In the early spring, the snowpack melts all at once, with little water retained in the upper watershed due to vegetation loss, he explains. This has knock-on effects for the entire ecosystem

Tsecmenúl̓ecwem-kt (We Repair the Land ) is a project led by Skeetchestn Indian Band to remedy this situation. 

Since launching this year, their goal is to restore the watershed and enhance its resilience in the face of worsening climate change, while simultaneously studying how mitigation measures following severe wildfires can help protect landscapes.

They have many partners including Thompson Rivers University, the province and the Secwépemc Fisheries Commission. But the arguably most hardworking collaborator is one you may not expect — an ancient ally in ecological stewardship known in Secwepemctsín as sqlew’uwi and in English as the North American Beaver.

Bring in the beavers

To help the land, Skeetchestn’s Tsecmenúl̓ecwem-kt project has successfully populated the upper watershed with one beaver, known as Doug, with the goal to re-introduce more over coming years. 

Beavers like Doug have a natural instinct to build dams across flowing water, creating ponds to evade predators. These ponds influence local hydrology, enhancing the habitat for countless other species, including plants, waterfowl, amphibians, invertebrates and of course salmon.
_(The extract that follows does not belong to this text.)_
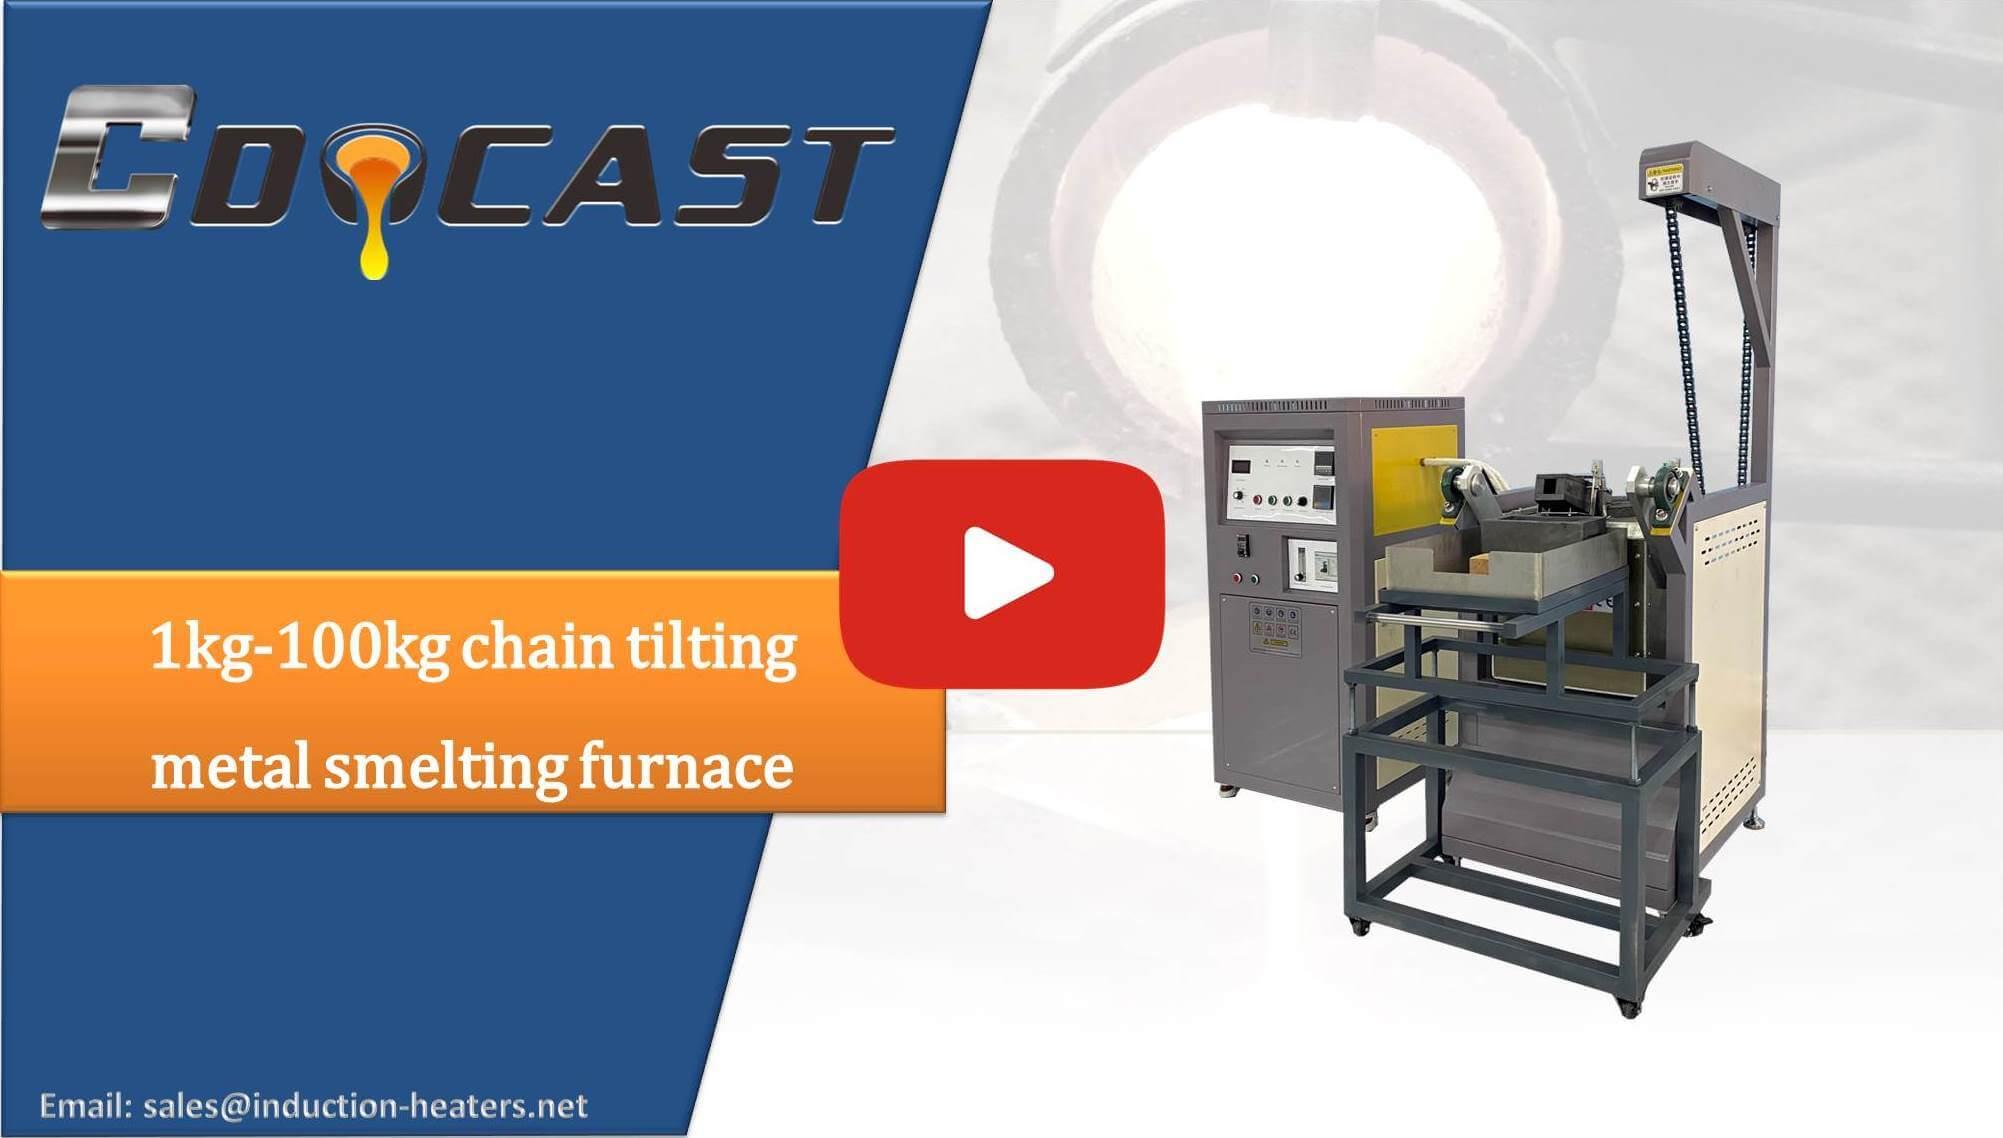 1kg-100kg chain tilting metal smelting furnace for gold silver copper

“Having ponds and wetlands keeps moisture in the soil and keeps that deciduous component healthy,” which Freeman says is important because those tree species don’t burn to the extent of evergreens. This creates natural fire breaks which can stall or potentially stop a wildfire from moving across the valley.

This calm pond created by beavers at Tsútswecw park offers habitat for many other species. Video by Lyssa Martin / The Wren 

What’s even more important is slowing down the flow rate to maintain downstream flow into the heat of summer, when low flows block fish passage and can even be fatal.
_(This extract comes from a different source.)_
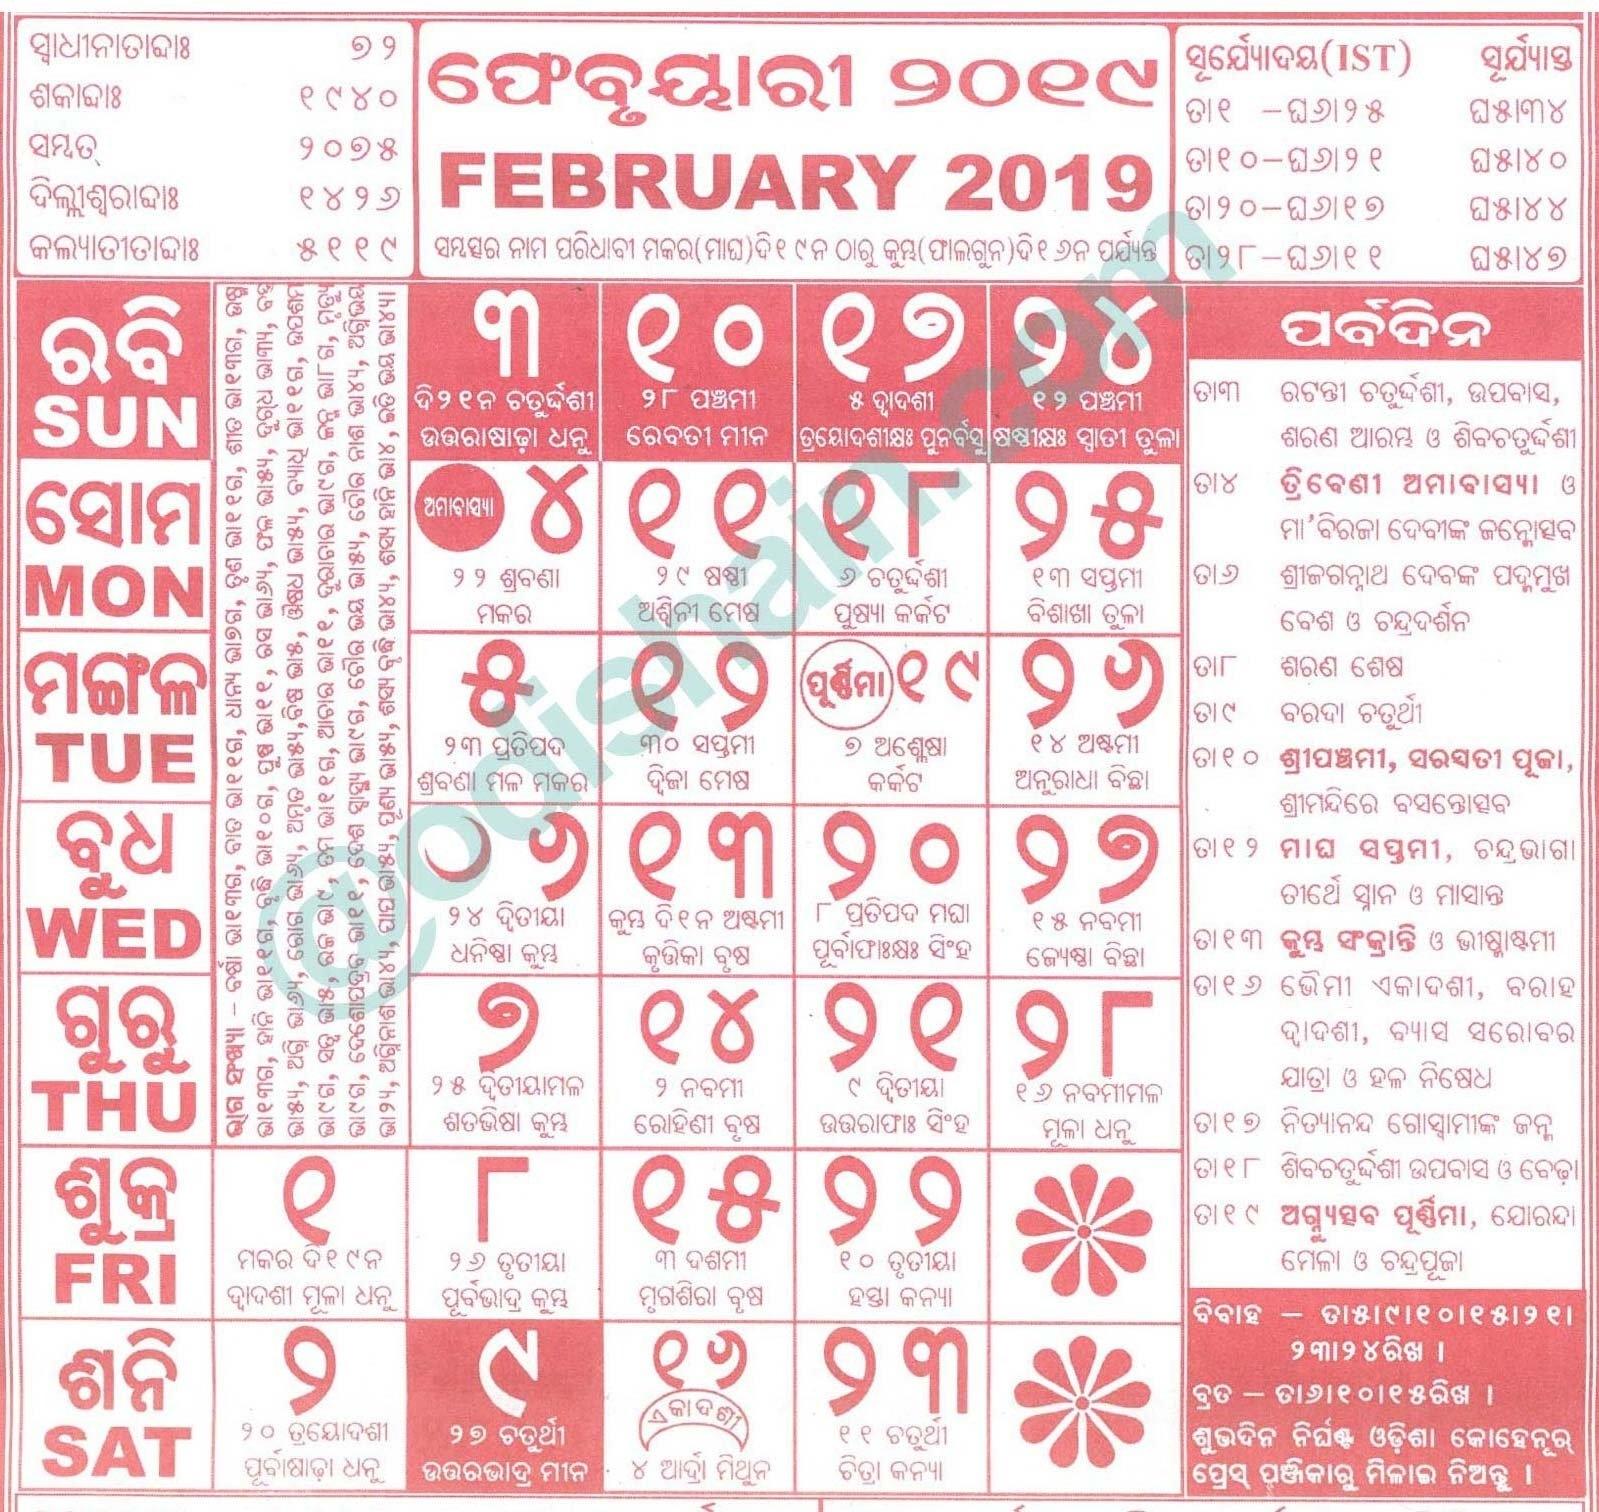 Odia Calendar February 2019 | Template Calendar Printable Odia Calendar 2019

“We are trying to make sure that the streams are not just a pile of rocks when it comes to August and September because everything, including us, needs water,” Freeman says. “Healthy ecosystems require water which is why we are trying to have the beavers help us do that recovery.”

Tales from the beaver hotel

“In terms of relocating beavers, it’s a little bit more complex than just grabbing them, putting them in the truck and dropping them off,” he says. They must be set up for success.

Since the 2021 Sparks Lake wildfire, there has been good regrowth of deciduous species, including aspen and willow which are important to beavers as food and building material. Three sites with good conditions were selected for possible reintroduction.

But the timing of the beaver capture and release is critical.

A beaver face is pressed up to a chain trap
A beaver pokes its nose from inside a trap. Photo provided by Skeetchestn Natural Resources Corp.

“We don’t want to be in a position where we’re capturing beavers that have kits in the lodge,” he says. Which means capturing needs to happen in the late winter or early spring.

They also need time to prepare their infrastructure — the lodge, feed pile and any dams they need to control the water level — in their new habitat. If you put them in too late, the chance of successful colonization is reduced.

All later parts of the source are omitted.